Poor VO2peak or insufficient physical performance is associated with precautions for anti-cancer treatment, high post-operative complications, and poor long-term prognosis [8, 9]. Skeletal muscle wasting is observed in nearly half of patients with NSCLC [10] who might experience further exercise intolerance. Muscle wasting and limited exercise capacity are associated with inflammatory, metabolic, and neuroendocrine changes that, together, could influence patient QoL. A negative correlation between inflammation and exercise capacity has been reported in patients with NSCLC [11]. A tendency toward glucose intolerance or insulin resistance has also been observed in patients with lung cancer compared with healthy subjects [12, 13].
Exercise training has been shown to have beneficial effects on exercise capacity, functional activities, and QoL in patients with cancer [14]. However, most of the data have been reported for patients with breast cancer or mixed cancer types. Studies on patients with lung cancer and heterogeneous clinical characteristics have mostly been limited by quasi-experimental design, small sample size, and various rehabilitation programs [15–17]. No study has yet investigated the effect of exercise training on exercise capacity in patients with NSCLC receiving targeted therapy. A randomized, controlled trial was conducted to examine the effects of an 8-week, high-intensity aerobic interval training program on exercise capacity, as assessed by VO2peak as the primary outcome, in patients with NSCLC receiving targeted therapy. We proposed a positive impact from training and hypothesized that the improvement would be associated with alterations in the secondary outcomes, which were muscle strength, endurance and oxygenation during exercise, insulin resistance, inflammatory response, and QoL.
Materials and methods
Participants
Subjects aged 40–75 years, with a diagnosis of adenocarcinoma for more than 4 weeks and an Eastern Cooperative Oncology Group performance status of 0 or 1, were recruited from the outpatient department of the National Taiwan University Hospital. Subjects were only included if they were medically stable and only received epidermal growth factor receptor inhibitors for ≥4 weeks. Conditions that excluded subjects from the study were a diagnosis of diabetes, an unstable condition from metastasis, primary lung disease other than lung cancer, severe cardiac or musculoskeletal conditions that might affect their participation in exercise or influence their exercise performance [18], or the inability to understand verbal or written instructions.

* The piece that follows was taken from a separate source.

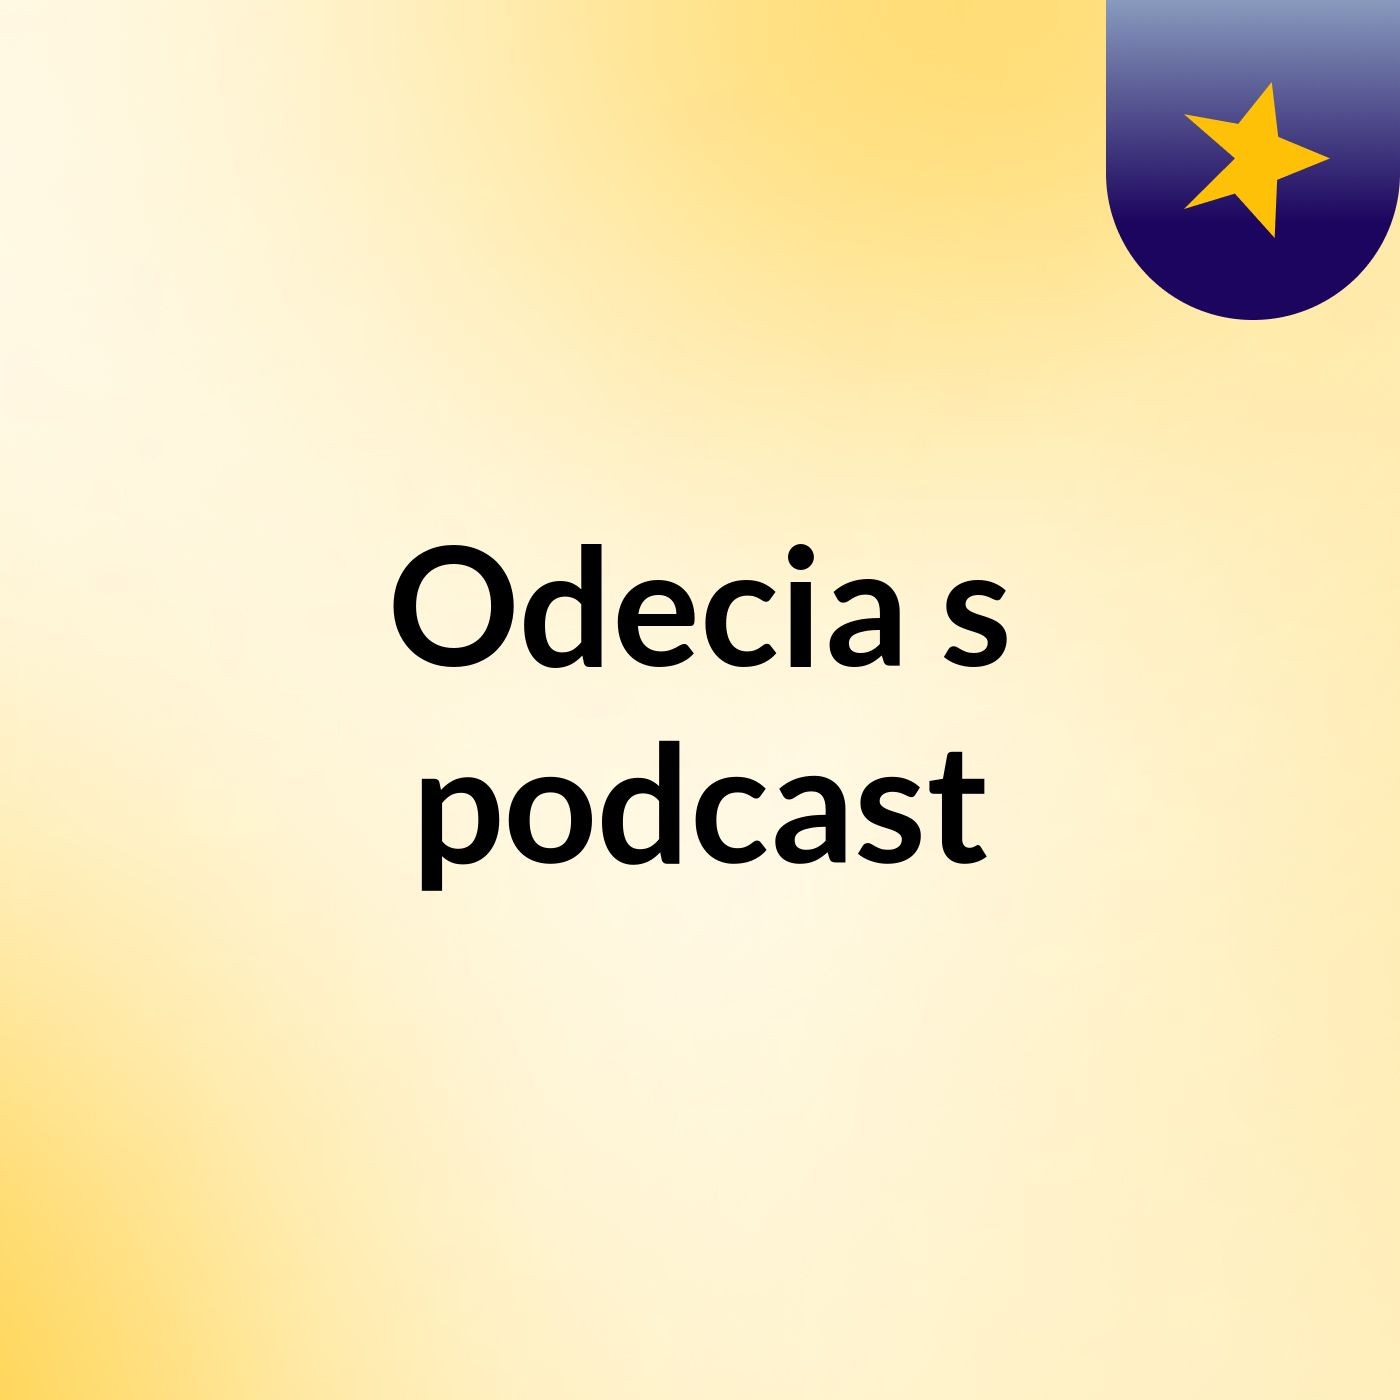 Odecia's podcast

This study was registered (NCT01136083) and approved by the Institutional Committee of Ethics (201003046R). Written informed consent was obtained from all the participants before initiating this study.
Randomization
After baseline assessment, participants were randomly assigned to either the exercise group or the control group. A computer number generator was used to assign a random order in the block of four. This allocation procedure was performed by an individual who was unaware of the purpose of this study.
Control group
The control group received the usual care, general patient education, and social phone calls every 2–3 weeks, without supervised exercise intervention. General exercise instructions with the Theraband® Elastic Band were given if the subjects in the control group specifically asked for exercise consultation.
Exercise group
Participants in the exercise group exercised on a treadmill or cycling ergometer in the outpatient clinic three times a week for 24 sessions. Exercise training consisted of 2–5-min intervals, alternating with high intensity [80% VO2peak, or a rate of perceived exertion (RPE) of 15–17], and active recovery of moderate intensity (60% VO2peak, or a RPE of 11–13). Each exercise session was 30–40 min in length, including 10-min warm-up and 5-min cool-down phases, under one-to-one supervision from a physical therapist. Heart rate (HR), blood pressure, and oxygen saturation were monitored prior to, during, and after each exercise session. The exercise program, including interval intensity and duration, was adjusted by the physical therapist every 1–2 weeks based on the individual’s exercise response. Adverse events that occurred during training or those reported by patients were recorded. Exercise adherence was defined as the percentage of number of sessions attended out of the total 24.
Outcome measures
The basic data for each participant were obtained from medical charts and personal interviews. Body height and weight were measured to calculate body mass index. Structured questionnaires were used to monitor habitual physical activity levels and diet throughout the study period. The testing protocol, including the assessments of VO2peak, muscle strength, endurance and oxygenation during exercise, insulin resistance, inflammatory response, and QoL, was performed at baseline and after 8 weeks. All tests were performed by a blinded assessor.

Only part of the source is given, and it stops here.